Thanks man, my main telephoto lens is the nikon 70-300 VR which I've used for all these shots. 


coastalconn said:


> Congrats Raj!  Looks like you are off,to a roaring start


Thanks Kris, means a lot!


----------



## Jasii (Jul 1, 2015)

Great Series! Loved them all especially the unfed gent and the Blue pigeon.
The bar has alrady been set higher my friend.

Jasii


----------



## Raj_55555 (Jul 1, 2015)

Jasii said:


> Great Series! Loved them all especially the unfed gent and the Blue pigeon.
> The bar has alrady been set higher my friend.
> 
> Jasii


Thanks Jassi ji!


----------



## Braineack (Jul 1, 2015)

nice shots, almost looks like you know what youre doing


----------



## FITBMX (Jul 1, 2015)

Raj_55555 said:


> Thanks man, my main telephoto lens is the nikon 70-300 VR which I've used for all these shots.



I have a 70-300mm Canon kit lens, and even though it is a cheaper grade lens, but I still love it! 70-300mm is a really great zoom length, at least I think it is!


----------



## annamaria (Jul 2, 2015)

Congrats !! They are all good but love the snake shot.


----------



## Raj_55555 (Jul 3, 2015)

Braineack said:


> nice shots, almost looks like you know what youre doing


 The camera did most of my work for me, I just take the credit ..



FITBMX said:


> I have a 70-300mm Canon kit lens, and even though it is a cheaper grade lens, but I still love it! 70-300mm is a really great zoom length, at least I think it is!

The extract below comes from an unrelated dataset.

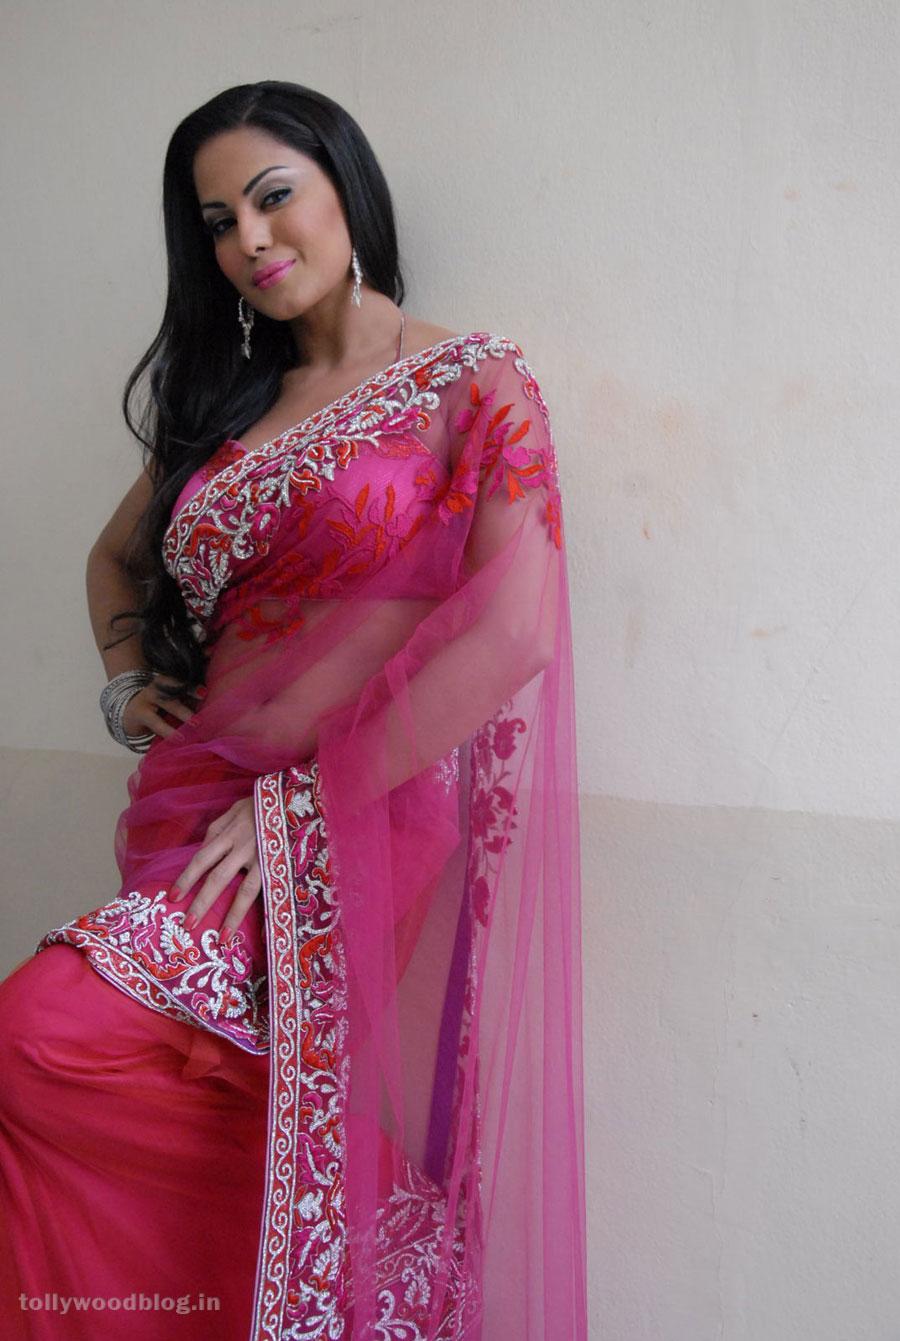 Alphabet U Wallpapers 3d Veena Malik Latest Hot Photos Gallery Telugu Hot
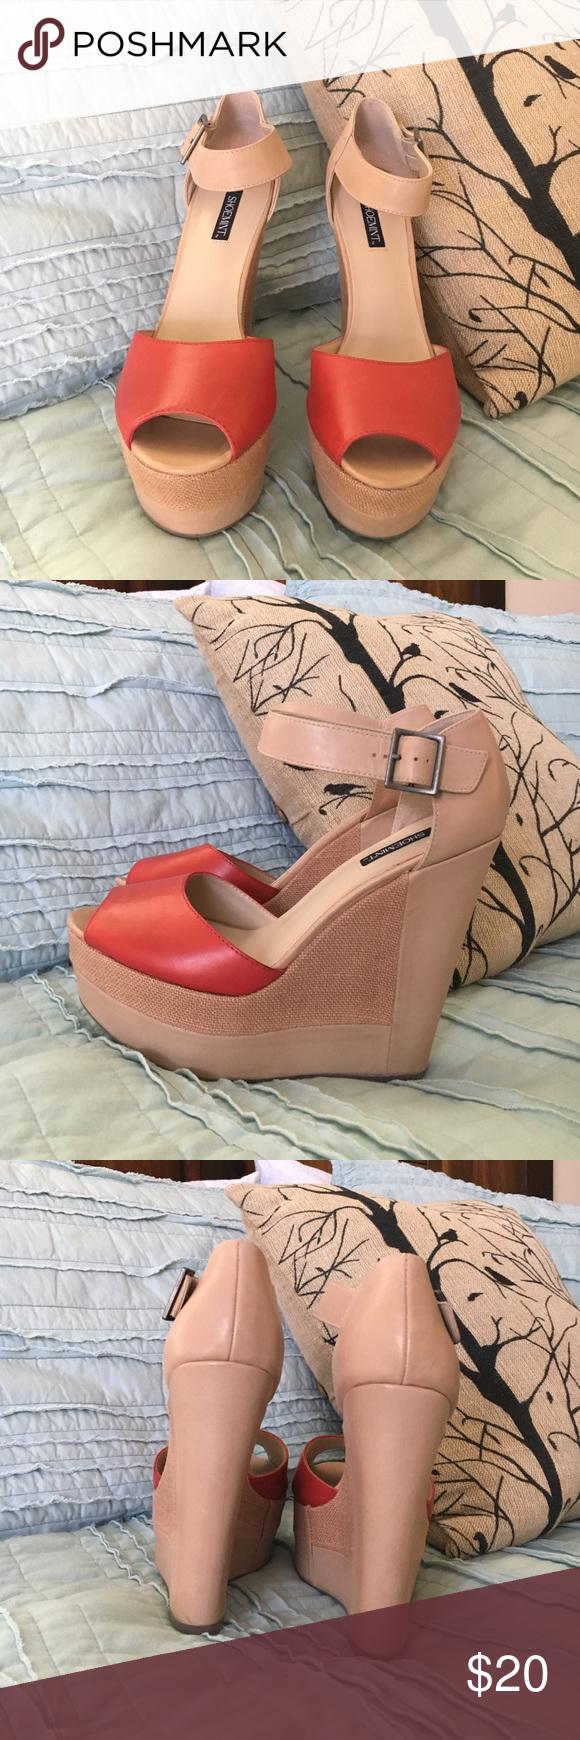 Shoemint Sophia Wedges in Bone/Red Shoemint Sophia Wedges in Bone/Red. Some signs of wear; otherwise in great condition! Shoemint Shoes Wedges

It's a decent zoom for zoos and land animals, but I need a bit more range for my birding. Although I caught  nice BIF yesterday, but I had to crop heavily and I can  never print it if I wanted to. 



annamaria said:


> Congrats !! They are all good but love the snake shot.


Thanks Annamaria..


----------



## sashbar (Jul 3, 2015)

Great shots! This is the clear example where the camera upgrade led to better photography. I do not see it often.
There is something about this particular sensor that makes images look fantastic, organic and natural. I know a guy who upgraded twice from a D7000 to latest models, first DX and then FF but returned to it 3 years later and is very happy. He is a very good photographer.
The pigeon shot is tops.


----------



## Raj_55555 (Jul 3, 2015)

sashbar said:


> Great shots! This is the clear example where the camera upgrade led to better photography. I do not see it often.
> There is something about this particular sensor that makes images look fantastic, organic and natural. I know a guy who upgraded twice from a D7000 to latest models, first DX and then FF but returned to it 3 years later and is very happy. He is a very good photographer.
> The pigeon shot is tops.


Thanks Sashbar, I've noticed a considerable increase in my keepers and the amount of crop that I can get out of the 16MP is just unusual for me coming from a 6MP one. Yesterday I found an australian black shouldered kite near a national park, even though the 70-300 was a lot less reach than I needed I actually got a keeper in the BIF after a heavy crop and was smiling all the way home. I am still in amazement, love this camera


----------



## pjaye (Jul 3, 2015)

Congrats on the new gear Raj!


----------



## Raj_55555 (Jul 3, 2015)

symplybarb said:


> Congrats on the new gear Raj!


Thanks Barb!


----------



## sashbar (Jul 3, 2015)

Raj_55555 said:


> sashbar said:
> 
> 
> > Great shots! This is the clear example where the camera upgrade led to better photography. I do not see it often.
> ...



I guess shooting with 6 Mp camera was a good exercise in framing discipline


----------



## Raj_55555 (Jul 4, 2015)

sashbar said:


> I guess shooting with 6 Mp camera was a good exercise in framing discipline


Oh yess!! I've learned to frame my subject much better to overcome the limitations.


----------



## Gary A. (Jul 4, 2015)

Good for you, Raj! Great stuff, I love to see a very capable equipment in very capable hands.


----------



## Raj_55555 (Jul 4, 2015)

Gary A. said:


> Good for you, Raj! Great stuff, I love to see a very capable equipment in very capable hands.


Thanks Gary!


----------



## limr (Jul 4, 2015)

Raj, these model numbers mean absolutely nothing to me, but you're excited and your pictures, which were already stunning, are even better, so yay for you!


----------



## Raj_55555 (Jul 4, 2015)

limr said:


> Raj, these model numbers mean absolutely nothing to me, but you're excited and your pictures, which were already stunning, are even better, so yay for you!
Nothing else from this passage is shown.